KPK Kuras Harta Lima Terpidana Korupsi

Default Avatar

Anonymous

Jakarta

5 September 2018 15:00 WIB
Nasional | Rilis ID
ILUSTRASI: RILIS.ID/Dendi Supartman
Rilis ID
ILUSTRASI: RILIS.ID/Dendi Supartman

RILISID, Jakarta — Sedikitnya lima orang terpidana korupsi telah dikuras hartanya oleh Komisi Pemberantasan Korupsi (KPK). Hal ini karena pada Agustus 2018 ini, Unit Labuksi (Pengelolaan Barang Bukti dan Eksekusi) KPK telah melakukan eksekusi berupa rampasan,denda dan uang pengganti serta menyetorkan ke kas negara.

"Jumlah total yang disetorkan ke negara sekitar Rp11,5 miliar dan US$450.000 dan S$63.000," ucap Juru Bicara KPK, Febri Diansyah, Rabu (5/9/2018).
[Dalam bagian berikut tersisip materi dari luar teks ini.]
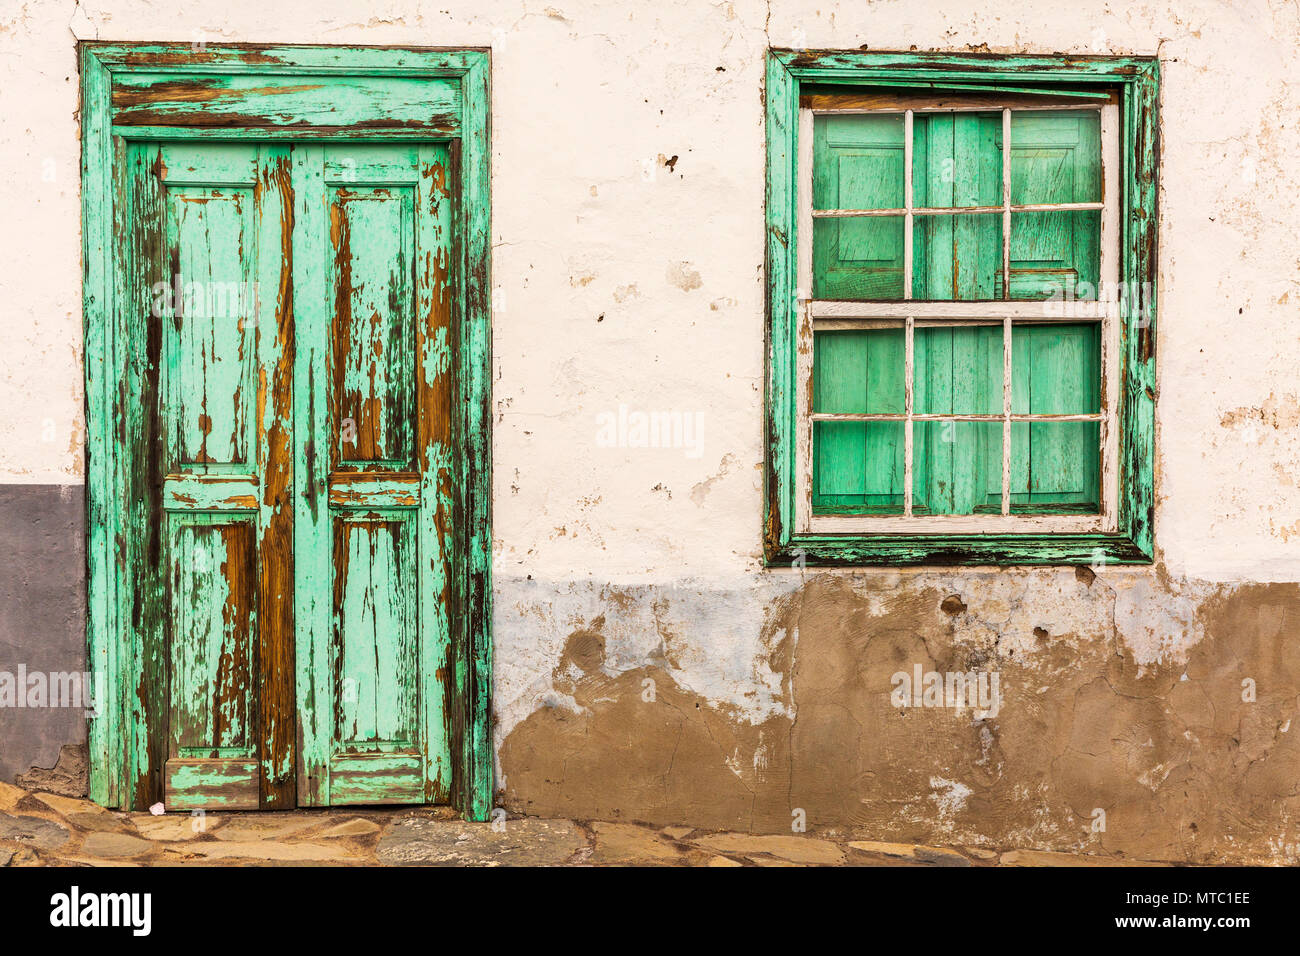 Abstract i dettagli di vecchie porte in legno e finestre, trascurato con peeling di verniciatura e il vetro rotto, Vilaflor, Isole Canarie, Spagna, Foto Stock

Menurut Febri, langkah ini menjadi bagian dari memaksimalkan asset recovery dalam penanganan kasus korupsi. Ia pun berharap setidaknya uang korupsi yang dicuri dari orang yang tak bertanggung jawab bisa dikembalikan ke negara untuk digunakan bagi kepentingan masyarakat. 

Berikut rincian hasil penyetoran uang rampasan negara: 

1)  Perkara terpidana Antonius Tonny Budiono terdiri dari uang di bank Bukopin senilai Rp2.164.855.420,82 dan uang di Bank Mandiri senilai Rp7.813.786.089,75.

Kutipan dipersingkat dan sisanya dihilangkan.